* _About this task_:
Output the listing word for word, minus pictures.

* _Dataset extract_:
§
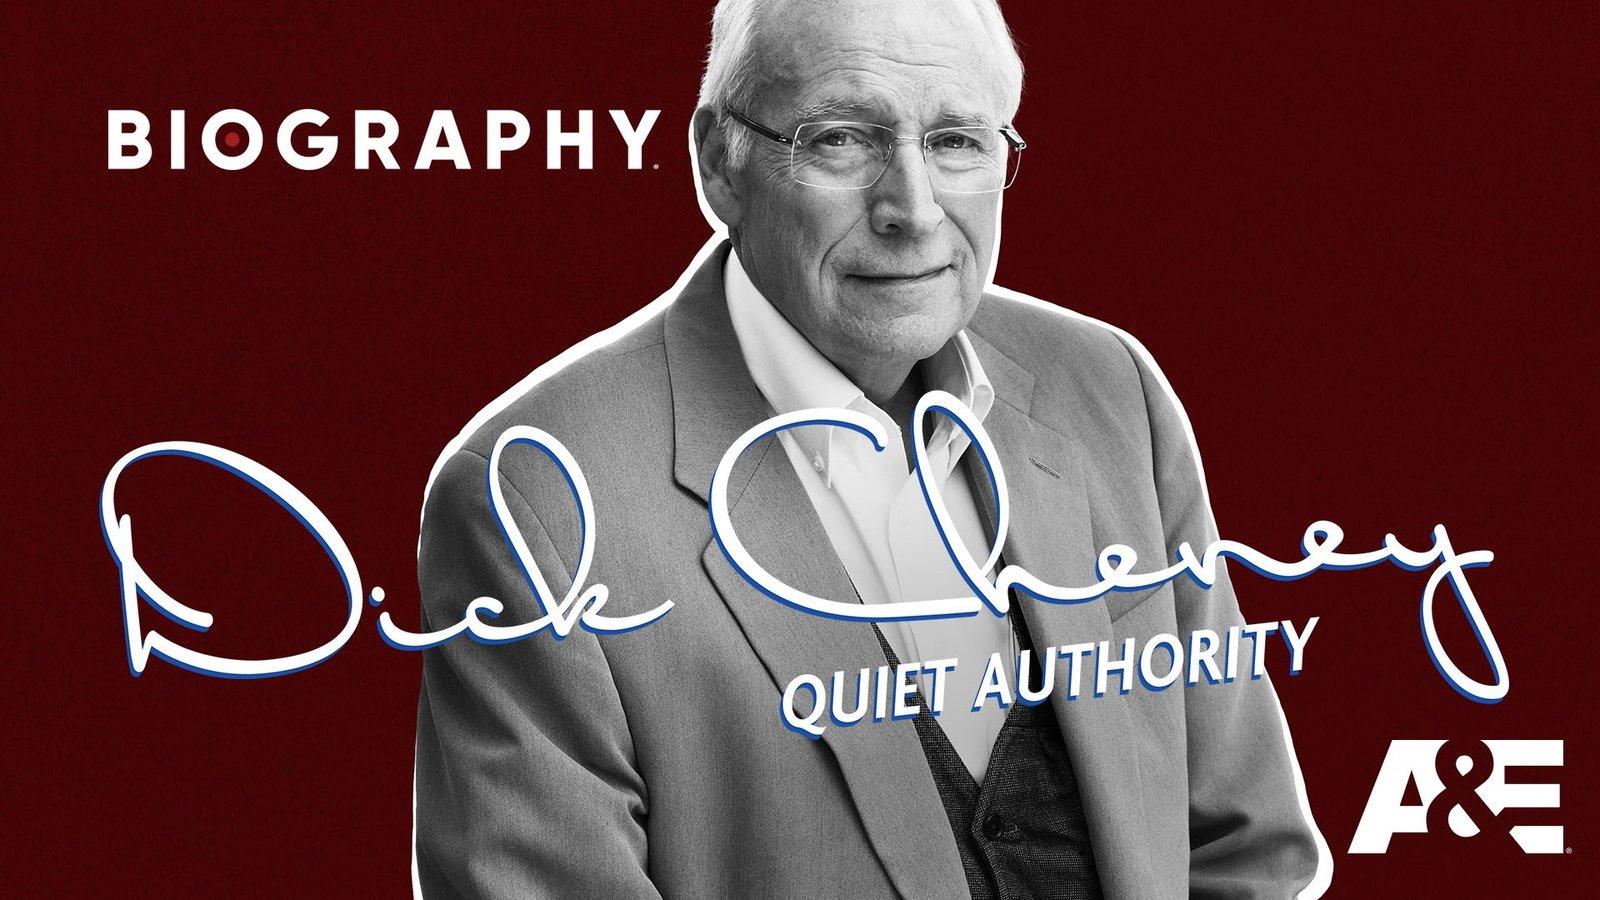 Dick Cheney: Quiet Authority
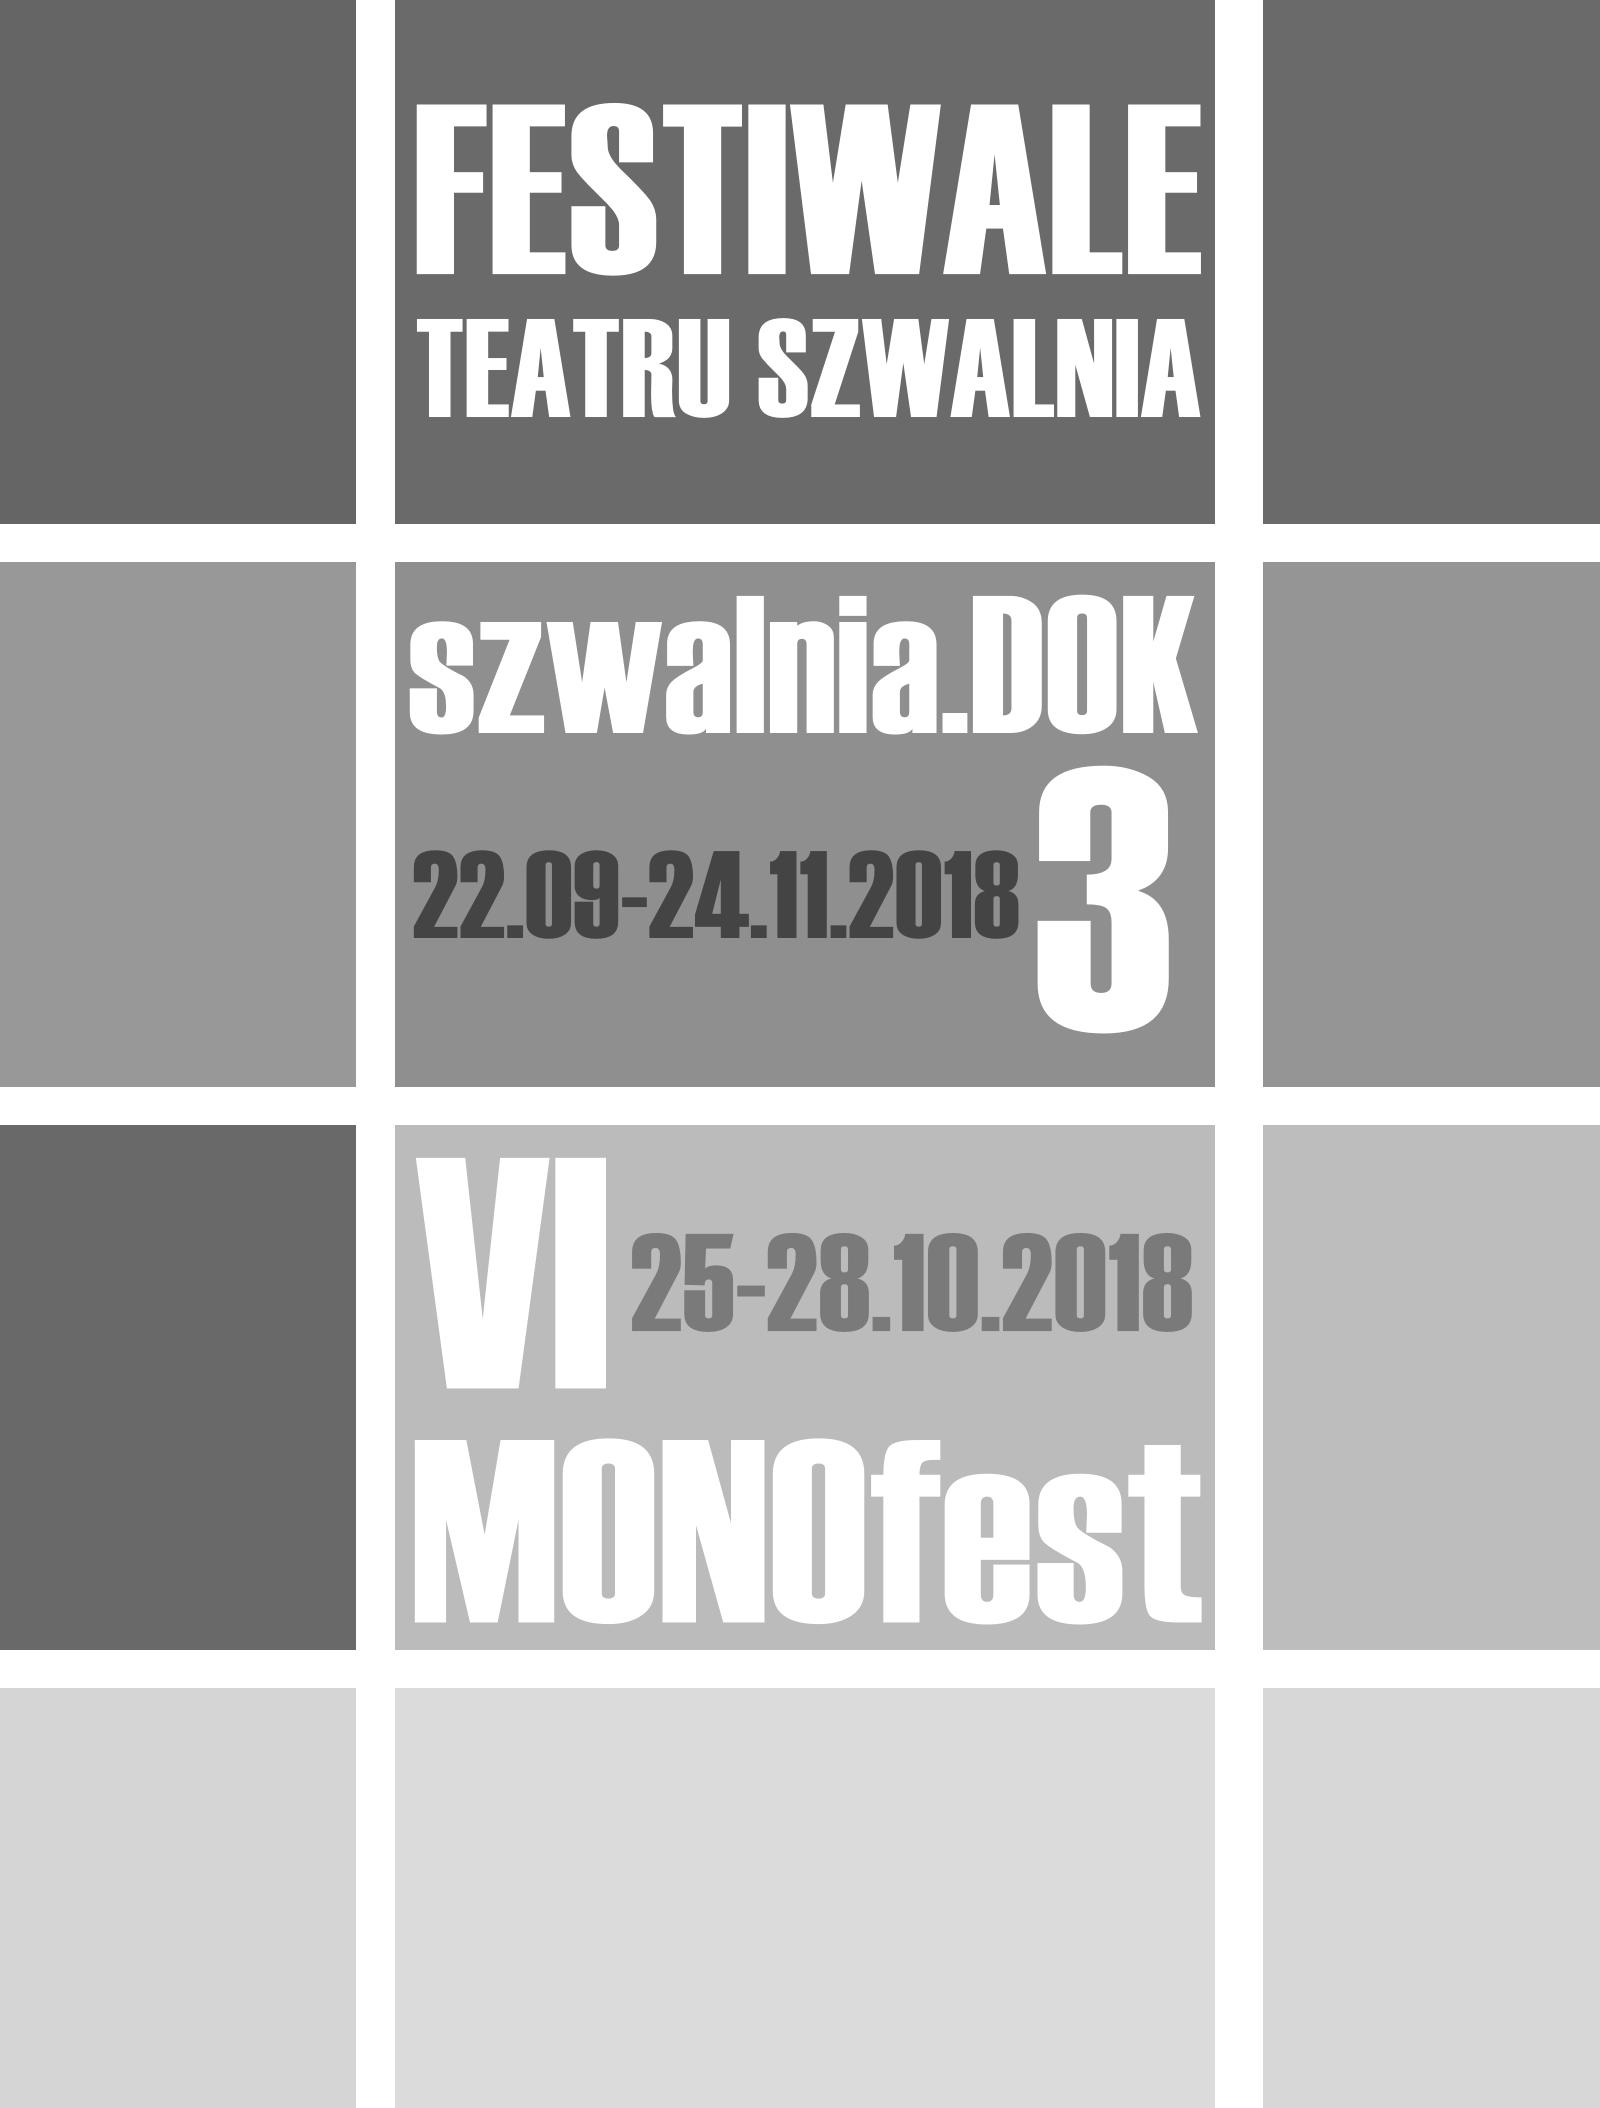 Festiwale Teatru Szwalnia 2018 Teatr Szwalnia
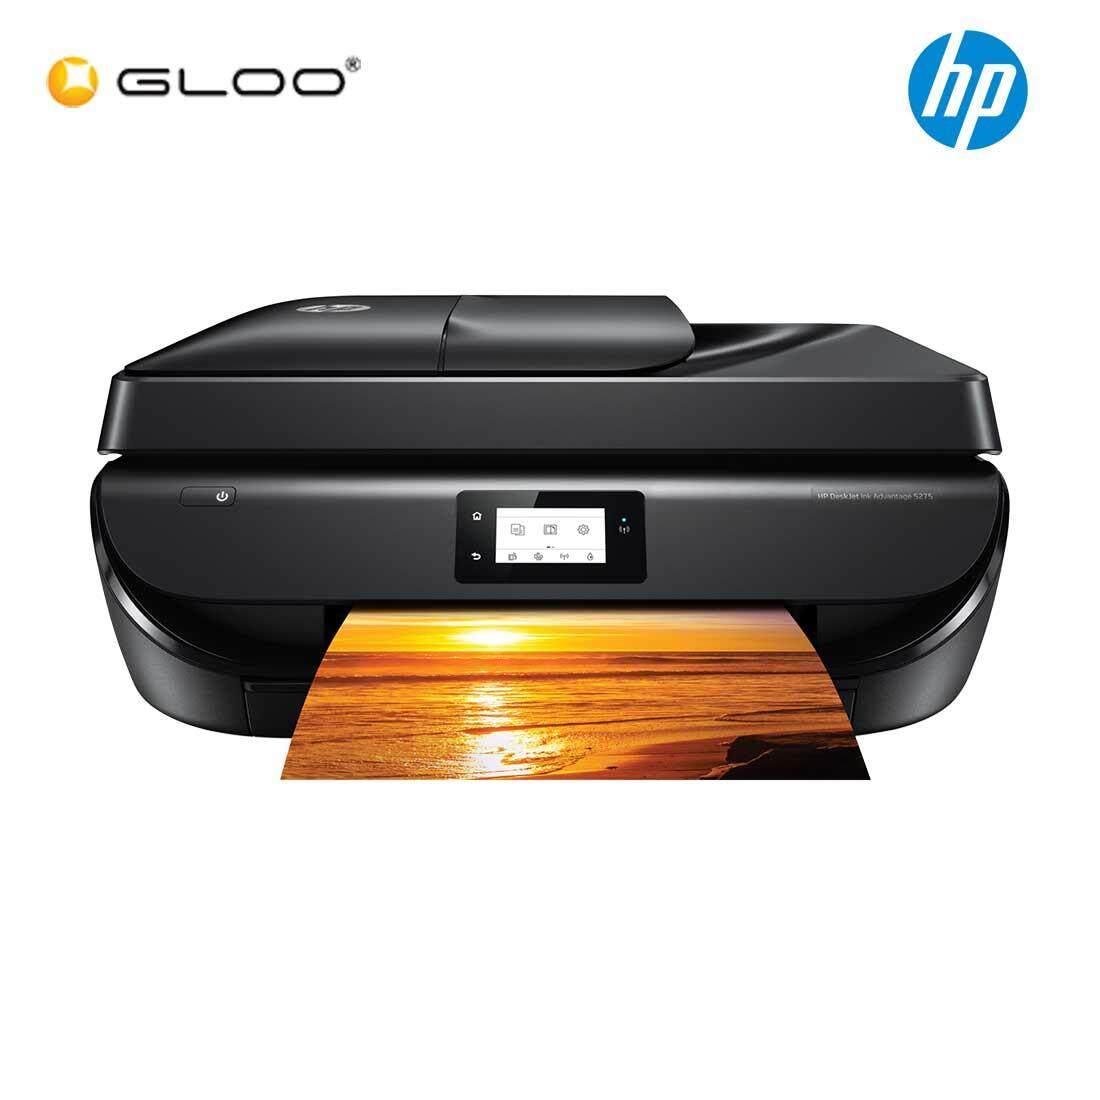 HP DeskJet Ink Advantage 5275 AIO (M2U76B) - Black
§
* _Response area_:
 Dick Cheney: Quiet Authority
 Festiwale Teatru Szwalnia 2018 Teatr Szwalnia
 HP DeskJet Ink Advantage 5275 AIO (M2U76B) - Black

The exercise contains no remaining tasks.